**SOURCE INFORMATION**
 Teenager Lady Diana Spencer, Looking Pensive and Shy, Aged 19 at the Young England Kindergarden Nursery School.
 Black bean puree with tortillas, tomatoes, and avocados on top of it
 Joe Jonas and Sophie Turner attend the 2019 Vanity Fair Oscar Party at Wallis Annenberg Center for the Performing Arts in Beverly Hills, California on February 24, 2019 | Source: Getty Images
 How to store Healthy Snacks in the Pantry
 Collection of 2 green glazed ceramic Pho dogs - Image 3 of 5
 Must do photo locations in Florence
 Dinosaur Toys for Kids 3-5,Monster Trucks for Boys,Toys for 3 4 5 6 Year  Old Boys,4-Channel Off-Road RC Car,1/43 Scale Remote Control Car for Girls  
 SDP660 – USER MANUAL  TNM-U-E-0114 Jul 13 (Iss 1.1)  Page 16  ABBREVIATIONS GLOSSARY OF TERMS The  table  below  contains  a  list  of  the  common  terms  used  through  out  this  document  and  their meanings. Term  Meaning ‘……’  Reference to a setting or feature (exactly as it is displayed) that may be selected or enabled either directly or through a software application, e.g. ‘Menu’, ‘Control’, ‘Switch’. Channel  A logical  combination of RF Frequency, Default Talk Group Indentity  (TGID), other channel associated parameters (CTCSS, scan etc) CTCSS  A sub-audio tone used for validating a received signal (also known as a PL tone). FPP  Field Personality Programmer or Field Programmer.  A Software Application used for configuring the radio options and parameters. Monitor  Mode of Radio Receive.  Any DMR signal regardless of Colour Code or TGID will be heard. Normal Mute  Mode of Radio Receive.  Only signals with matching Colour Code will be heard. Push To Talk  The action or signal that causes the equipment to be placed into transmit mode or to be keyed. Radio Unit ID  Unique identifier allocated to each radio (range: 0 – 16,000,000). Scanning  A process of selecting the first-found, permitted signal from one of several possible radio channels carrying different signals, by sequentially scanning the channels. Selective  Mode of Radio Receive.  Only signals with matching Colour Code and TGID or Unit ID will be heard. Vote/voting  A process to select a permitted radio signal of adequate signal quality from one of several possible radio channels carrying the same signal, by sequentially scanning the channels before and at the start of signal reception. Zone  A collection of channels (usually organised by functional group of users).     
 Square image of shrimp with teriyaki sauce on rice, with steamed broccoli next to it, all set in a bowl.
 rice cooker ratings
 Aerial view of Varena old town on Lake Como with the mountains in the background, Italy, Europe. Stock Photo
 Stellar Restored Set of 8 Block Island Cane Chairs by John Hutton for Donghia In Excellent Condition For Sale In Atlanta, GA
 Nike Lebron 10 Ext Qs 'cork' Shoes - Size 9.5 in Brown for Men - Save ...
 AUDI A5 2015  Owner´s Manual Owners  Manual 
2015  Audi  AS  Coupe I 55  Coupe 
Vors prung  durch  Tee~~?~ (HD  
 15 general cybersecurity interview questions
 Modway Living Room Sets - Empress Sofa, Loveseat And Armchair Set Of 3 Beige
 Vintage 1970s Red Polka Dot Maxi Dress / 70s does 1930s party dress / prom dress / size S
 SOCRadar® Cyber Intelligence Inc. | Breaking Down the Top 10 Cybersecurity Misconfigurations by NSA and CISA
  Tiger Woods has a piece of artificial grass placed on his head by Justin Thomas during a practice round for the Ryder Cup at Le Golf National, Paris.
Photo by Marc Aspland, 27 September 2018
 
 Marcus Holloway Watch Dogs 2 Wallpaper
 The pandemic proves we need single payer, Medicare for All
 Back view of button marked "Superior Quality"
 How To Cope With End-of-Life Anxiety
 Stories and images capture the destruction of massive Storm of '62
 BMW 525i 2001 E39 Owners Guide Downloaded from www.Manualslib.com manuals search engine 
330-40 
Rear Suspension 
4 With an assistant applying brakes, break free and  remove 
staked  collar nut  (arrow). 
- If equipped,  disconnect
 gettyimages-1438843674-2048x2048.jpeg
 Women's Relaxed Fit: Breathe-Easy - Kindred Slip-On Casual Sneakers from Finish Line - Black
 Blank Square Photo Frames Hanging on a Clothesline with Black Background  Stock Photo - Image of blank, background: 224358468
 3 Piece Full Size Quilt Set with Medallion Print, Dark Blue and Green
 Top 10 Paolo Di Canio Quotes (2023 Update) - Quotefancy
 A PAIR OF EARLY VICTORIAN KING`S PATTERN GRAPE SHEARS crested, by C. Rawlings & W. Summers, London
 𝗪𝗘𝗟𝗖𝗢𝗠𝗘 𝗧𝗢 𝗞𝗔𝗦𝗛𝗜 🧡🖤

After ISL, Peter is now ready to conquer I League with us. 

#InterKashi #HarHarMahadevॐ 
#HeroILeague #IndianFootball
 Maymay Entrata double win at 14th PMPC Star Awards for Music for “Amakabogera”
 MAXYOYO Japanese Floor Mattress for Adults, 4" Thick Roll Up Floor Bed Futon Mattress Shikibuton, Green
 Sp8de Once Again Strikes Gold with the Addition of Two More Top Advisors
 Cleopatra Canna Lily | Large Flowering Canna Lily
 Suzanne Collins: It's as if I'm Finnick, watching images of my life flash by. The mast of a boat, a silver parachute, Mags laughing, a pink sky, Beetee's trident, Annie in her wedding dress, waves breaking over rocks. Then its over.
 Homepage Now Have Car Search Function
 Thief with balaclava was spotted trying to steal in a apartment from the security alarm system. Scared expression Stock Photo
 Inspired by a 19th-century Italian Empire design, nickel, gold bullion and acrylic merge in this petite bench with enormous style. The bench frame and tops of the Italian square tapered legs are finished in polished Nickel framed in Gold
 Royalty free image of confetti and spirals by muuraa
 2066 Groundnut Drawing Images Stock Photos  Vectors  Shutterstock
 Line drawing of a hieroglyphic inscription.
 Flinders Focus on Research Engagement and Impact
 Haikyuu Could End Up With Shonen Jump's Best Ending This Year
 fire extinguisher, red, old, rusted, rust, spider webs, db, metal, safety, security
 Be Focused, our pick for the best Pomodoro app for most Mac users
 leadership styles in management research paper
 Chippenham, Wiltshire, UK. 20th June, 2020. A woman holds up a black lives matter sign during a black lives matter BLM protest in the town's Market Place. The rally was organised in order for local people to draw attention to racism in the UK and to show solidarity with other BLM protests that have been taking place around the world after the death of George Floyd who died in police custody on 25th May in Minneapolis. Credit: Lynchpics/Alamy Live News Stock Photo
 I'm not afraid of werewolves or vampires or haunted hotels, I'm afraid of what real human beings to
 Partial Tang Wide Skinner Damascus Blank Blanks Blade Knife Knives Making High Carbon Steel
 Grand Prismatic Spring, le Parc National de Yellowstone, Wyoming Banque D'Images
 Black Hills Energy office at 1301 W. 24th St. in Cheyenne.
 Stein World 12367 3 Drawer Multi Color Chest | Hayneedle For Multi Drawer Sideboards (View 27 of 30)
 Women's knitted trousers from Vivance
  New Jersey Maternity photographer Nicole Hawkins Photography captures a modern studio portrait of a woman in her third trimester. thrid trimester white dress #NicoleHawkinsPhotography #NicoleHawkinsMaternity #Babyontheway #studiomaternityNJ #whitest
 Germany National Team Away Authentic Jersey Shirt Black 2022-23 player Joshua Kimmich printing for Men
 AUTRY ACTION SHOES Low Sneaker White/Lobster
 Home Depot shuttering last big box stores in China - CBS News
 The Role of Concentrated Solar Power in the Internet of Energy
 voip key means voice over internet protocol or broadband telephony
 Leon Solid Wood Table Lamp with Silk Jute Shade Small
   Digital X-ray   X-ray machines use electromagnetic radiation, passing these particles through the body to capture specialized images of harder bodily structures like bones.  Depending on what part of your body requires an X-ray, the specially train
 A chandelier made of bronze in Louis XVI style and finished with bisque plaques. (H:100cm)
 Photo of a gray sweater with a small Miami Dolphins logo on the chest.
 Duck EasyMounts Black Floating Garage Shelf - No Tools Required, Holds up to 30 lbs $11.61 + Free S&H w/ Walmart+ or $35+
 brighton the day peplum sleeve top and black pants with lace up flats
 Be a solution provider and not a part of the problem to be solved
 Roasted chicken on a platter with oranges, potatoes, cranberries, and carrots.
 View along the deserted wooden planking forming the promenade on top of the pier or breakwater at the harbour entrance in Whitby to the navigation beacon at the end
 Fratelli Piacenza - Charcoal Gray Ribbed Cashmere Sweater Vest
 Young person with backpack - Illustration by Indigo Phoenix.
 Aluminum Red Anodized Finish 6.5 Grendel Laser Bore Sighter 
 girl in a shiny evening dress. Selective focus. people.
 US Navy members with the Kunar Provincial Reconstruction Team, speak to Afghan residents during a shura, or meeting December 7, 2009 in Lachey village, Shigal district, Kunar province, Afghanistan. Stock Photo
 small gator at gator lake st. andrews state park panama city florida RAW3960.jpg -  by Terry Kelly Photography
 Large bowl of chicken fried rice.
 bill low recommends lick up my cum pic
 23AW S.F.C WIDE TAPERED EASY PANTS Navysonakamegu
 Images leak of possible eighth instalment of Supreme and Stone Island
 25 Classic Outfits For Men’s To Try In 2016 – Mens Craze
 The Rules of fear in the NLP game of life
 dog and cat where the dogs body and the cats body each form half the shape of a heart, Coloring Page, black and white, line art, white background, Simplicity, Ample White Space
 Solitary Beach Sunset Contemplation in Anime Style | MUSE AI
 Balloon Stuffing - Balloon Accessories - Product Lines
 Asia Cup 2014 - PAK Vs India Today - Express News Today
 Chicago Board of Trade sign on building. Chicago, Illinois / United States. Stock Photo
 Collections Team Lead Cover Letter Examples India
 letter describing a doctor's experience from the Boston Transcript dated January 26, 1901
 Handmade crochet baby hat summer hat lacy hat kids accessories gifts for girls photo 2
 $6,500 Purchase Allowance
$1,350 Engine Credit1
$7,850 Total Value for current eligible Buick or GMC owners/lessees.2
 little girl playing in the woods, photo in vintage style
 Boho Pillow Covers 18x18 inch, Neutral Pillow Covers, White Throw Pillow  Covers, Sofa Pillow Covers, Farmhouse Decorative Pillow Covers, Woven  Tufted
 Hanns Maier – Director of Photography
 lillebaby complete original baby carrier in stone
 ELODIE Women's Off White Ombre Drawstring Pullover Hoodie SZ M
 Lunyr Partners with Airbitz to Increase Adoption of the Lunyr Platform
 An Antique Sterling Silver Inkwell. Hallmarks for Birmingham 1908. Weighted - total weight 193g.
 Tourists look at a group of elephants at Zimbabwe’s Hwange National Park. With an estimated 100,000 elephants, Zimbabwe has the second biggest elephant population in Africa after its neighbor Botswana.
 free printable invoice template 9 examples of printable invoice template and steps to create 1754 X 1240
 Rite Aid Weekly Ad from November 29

**TASK ITEM**
Starting with the first line of the records above, give back each line exactly until the line with "Dinosaur Toys for" has been given as well.

**OUTPUT OF THE EXERCISE**
 Teenager Lady Diana Spencer, Looking Pensive and Shy, Aged 19 at the Young England Kindergarden Nursery School.
 Black bean puree with tortillas, tomatoes, and avocados on top of it
 Joe Jonas and Sophie Turner attend the 2019 Vanity Fair Oscar Party at Wallis Annenberg Center for the Performing Arts in Beverly Hills, California on February 24, 2019 | Source: Getty Images
 How to store Healthy Snacks in the Pantry
 Collection of 2 green glazed ceramic Pho dogs - Image 3 of 5
 Must do photo locations in Florence
 Dinosaur Toys for Kids 3-5,Monster Trucks for Boys,Toys for 3 4 5 6 Year  Old Boys,4-Channel Off-Road RC Car,1/43 Scale Remote Control Car for Girls  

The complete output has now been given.